I've been staring at performance profiling for HTML5 document parsing and can't get past the whopping 26% of time we're spending in the many calls to malloc and free.

Thinking about how we use libgumbo in Nokogiri:

  • we build a gumbo document structure, allocating many small strings and structures along the way
  • we convert that into a libxml2 document structure
  • we free all the memory making up the gumbo data structure, making many calls to free along the way

But: we essentially throw away the gumbo data structure immediately every time. What if we used an ephemeral arena for each gumbo document (or fragment) and just reset the entire arena after use?

This PR is an attempt to see how much time we might save, so it's the simplest thing that could work to let me benchmark:

  • it allocates a big chunk of memory up front (a real implementation would grow the arena)
  • it does not support multi-threaded use (for that we'll need to pass the Arena struct around everywhere which will add significant complexity)

The result: a 20% overall improvement on a large (681kb) real-world doc. Juxtaposed with HTML4 timings for context:

# 656 bytes, 8.5% speedup
Comparison:
malloc html4 parse 656:    18760.2 i/s
arena html5 parse 656:    15995.3 i/s - same-ish: difference falls within error
malloc html5 parse 656:    14731.6 i/s - same-ish: difference falls within error

# 70kb, 30% speedup (?)
Comparison:
malloc html4 parse 70095:      360.7 i/s
arena html5 parse 70095:      290.3 i/s - same-ish: difference falls within error
malloc html5 parse 70095:      223.5 i/s - 1.61x  (± 0.00) slower

# 681kb, 20% speedup
Comparison:
malloc html4 parse 681406:       41.5 i/s
arena html5 parse 681406:       31.7 i/s - same-ish: difference falls within error
malloc html5 parse 681406:       26.2 i/s - same-ish: difference falls within error

# 1.9mb, 15% speedup
Comparison:
malloc html4 parse 1929522:       32.8 i/s
arena html5 parse 1929522:       16.0 i/s - 2.05x  (± 0.00) slower
malloc html5 parse 1929522:       13.9 i/s - 2.36x  (± 0.00) slower

Time spent in memory-related calls drops from 26.3% to 18% in the 681kb document benchmark.

@flavorjones
Copy link
Member Author

@stevecheckoway Do you have any strong feelings about this approach? It feels like it may be worth the additional complexity to try to finish this work up, but don't want to do it if you're horrified. 😄

@stevecheckoway
Copy link
Contributor

I didn't read the commits in detail, but the approach of using an arena allocator makes sense. I'm still confused by the pthread_attr_setschedparam calls though.
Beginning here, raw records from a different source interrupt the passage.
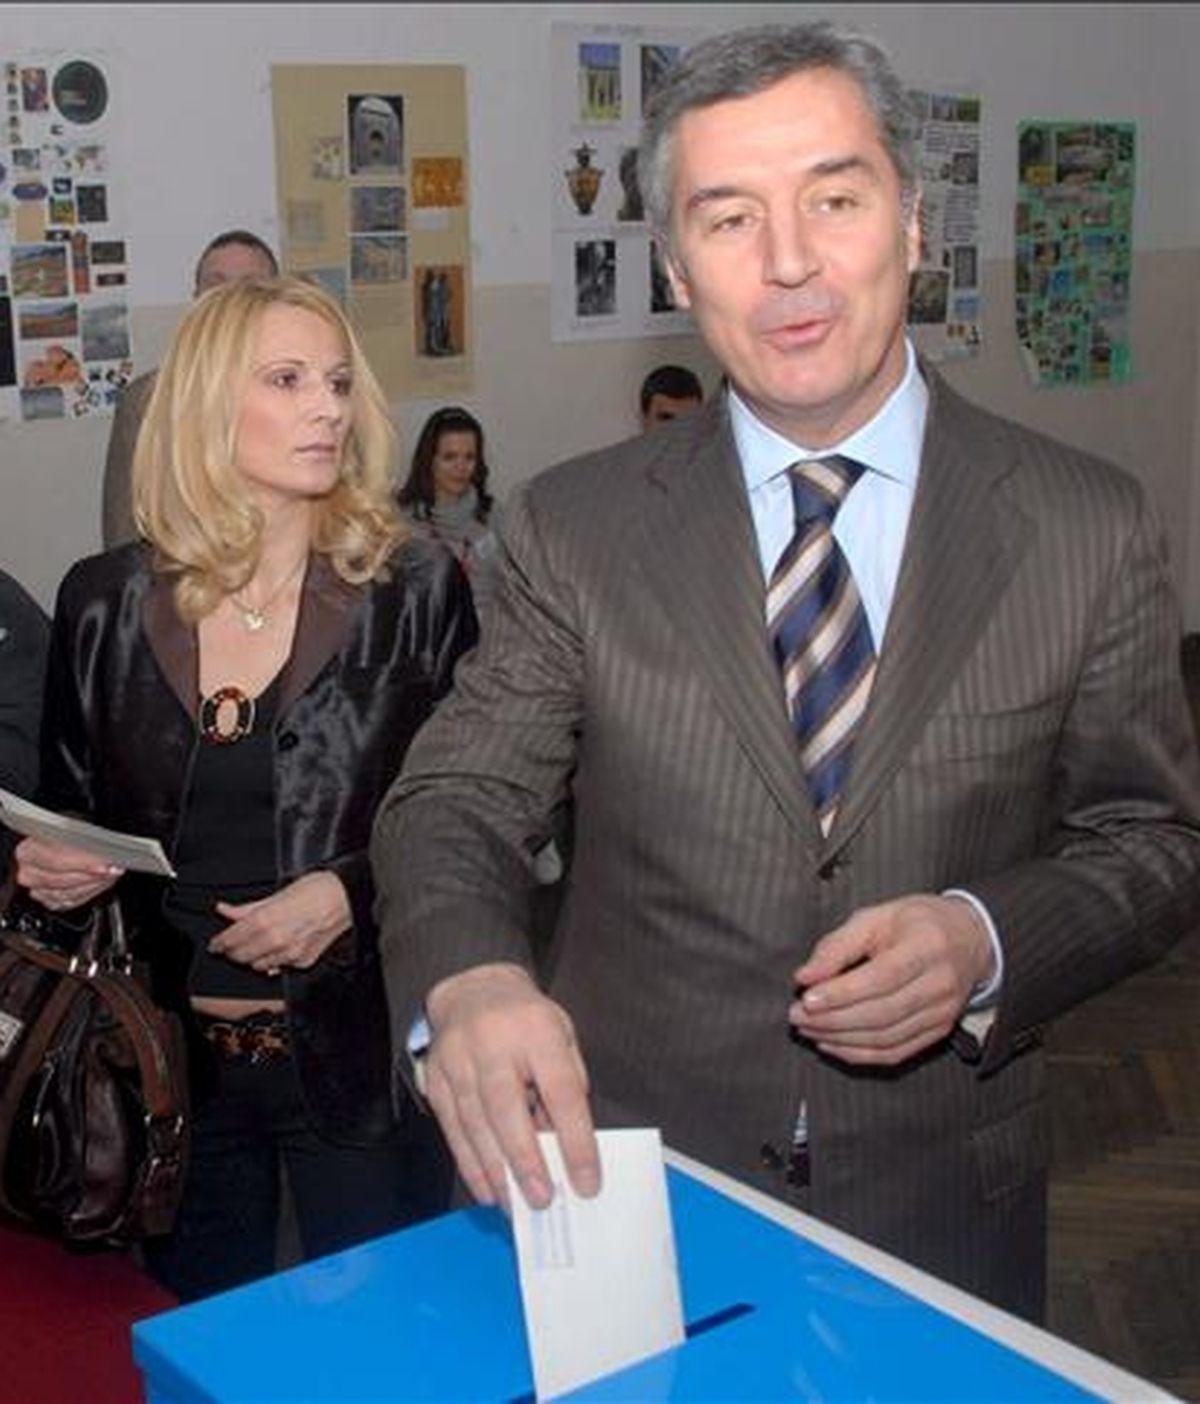 El nuevo Gobierno de Montenegro, liderado por Milo Djukanovic en su sexto mandato como primer ministro, recibió hoy el respaldo mayoritario del Parlamento. EFE/Archivo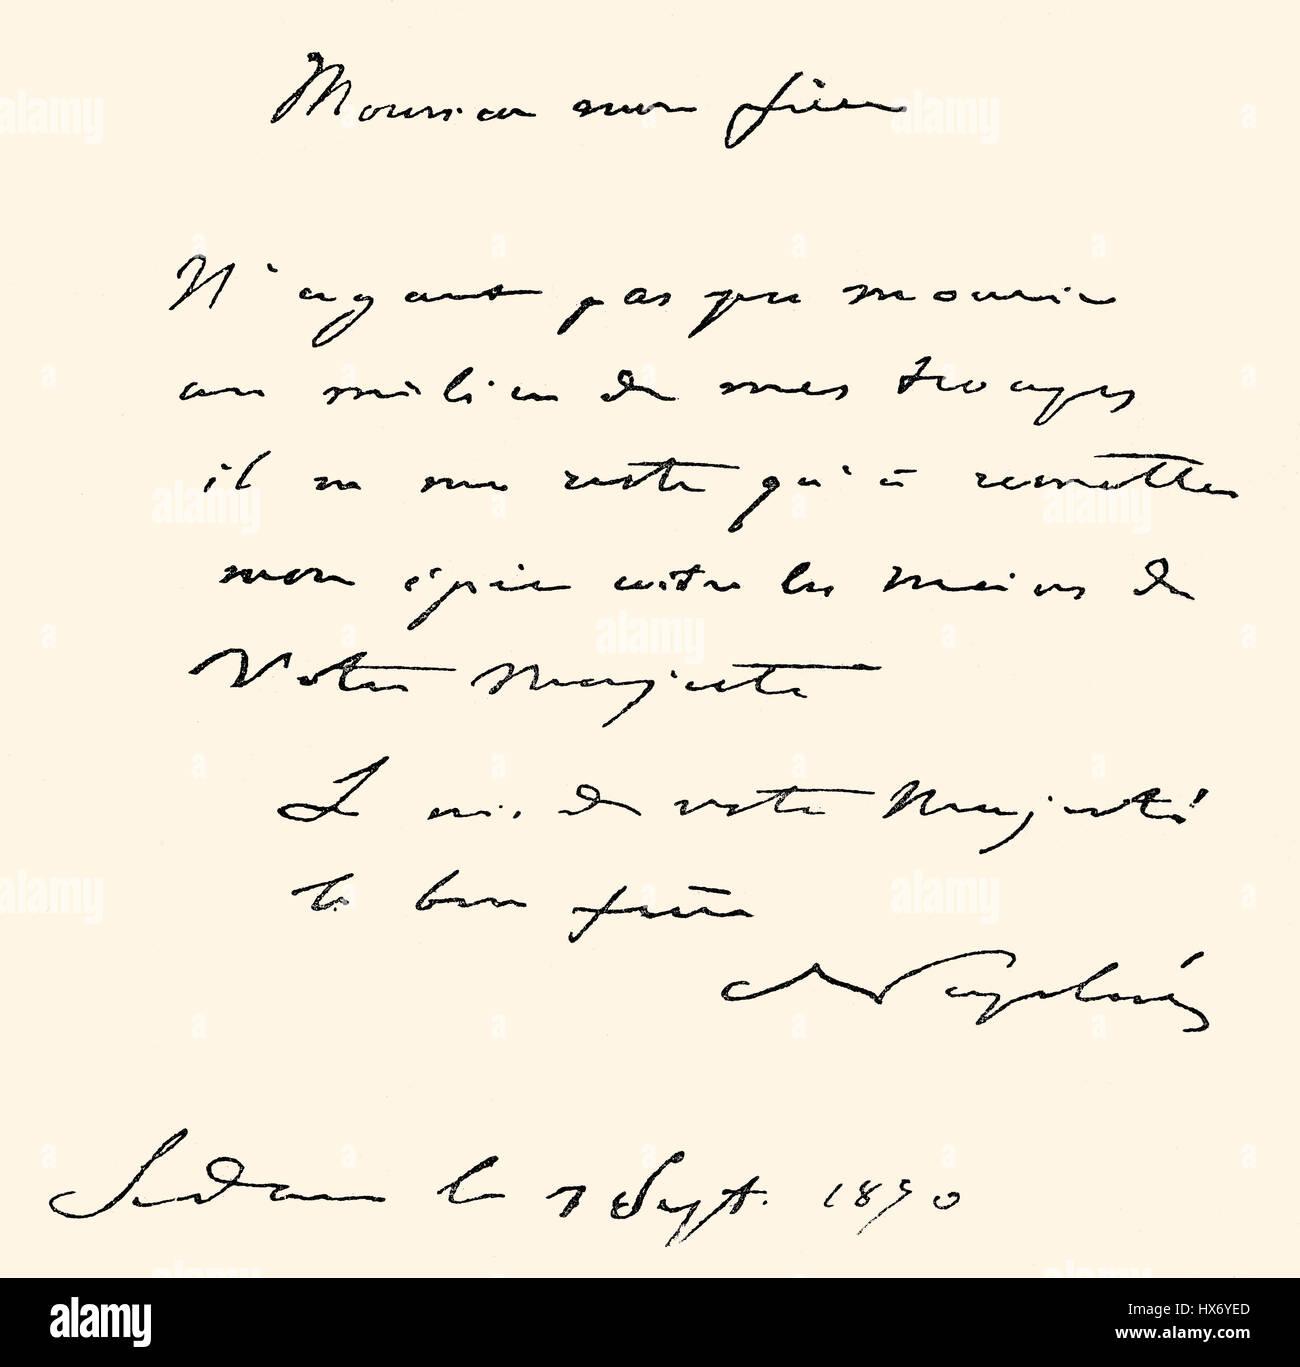 Carta manuscrita por Napoleón III a Guillermo I tras la Batalla de Sedán, 1870 Imagen De Stock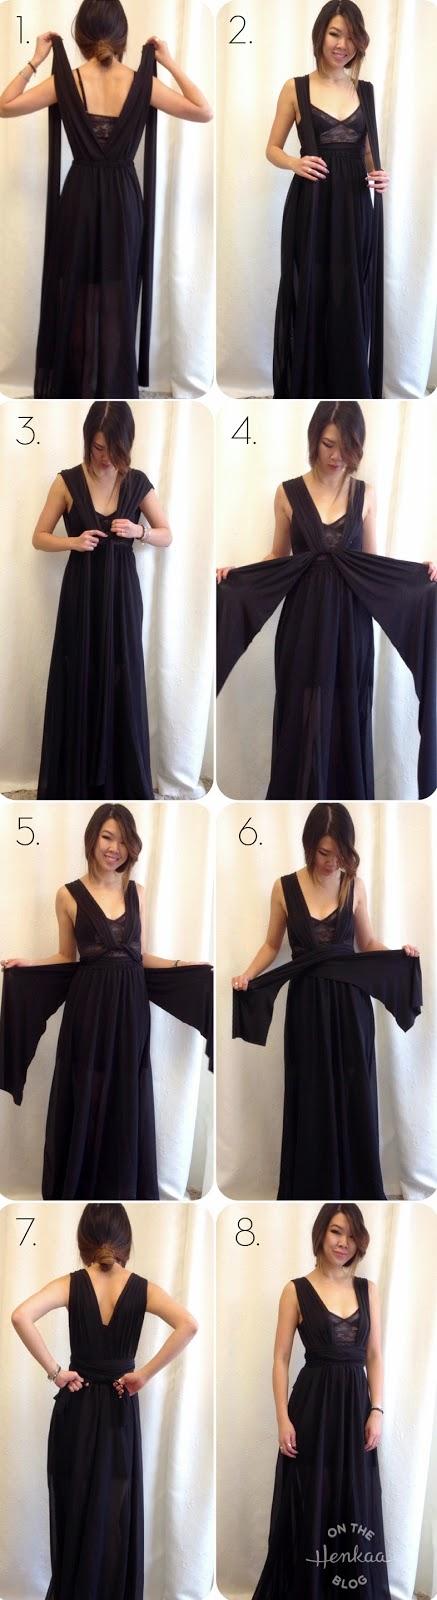 Transformar un vestido casual en uno formal

Are you sure that's caused by malloc and not the profiling tool getting confused? A cursory glance at glibc's malloc doesn't reveal any direct calls to that function and I can't imagine what thread scheduling would have to do with memory allocation, even in the presence of threads. Not that this matters in the end. If you're getting a real performance improvement, moving to an arena seems reasonable.

@flavorjones
Copy link
Member Author

@stevecheckoway You may be right about the profiler being confused about the particular function, but the profiler is consistent in saying that children of memory-allocation routines take up a lot of time. Here's the stack profile:

philosophy html perf

@flavorjones
Copy link
Member Author

@stevecheckoway I ran the HTML5 parser under cachegrind and did get similar percentages rolled up under malloc-and-friends (but notably the pthread function is not mentioned, that must be a perftools bug).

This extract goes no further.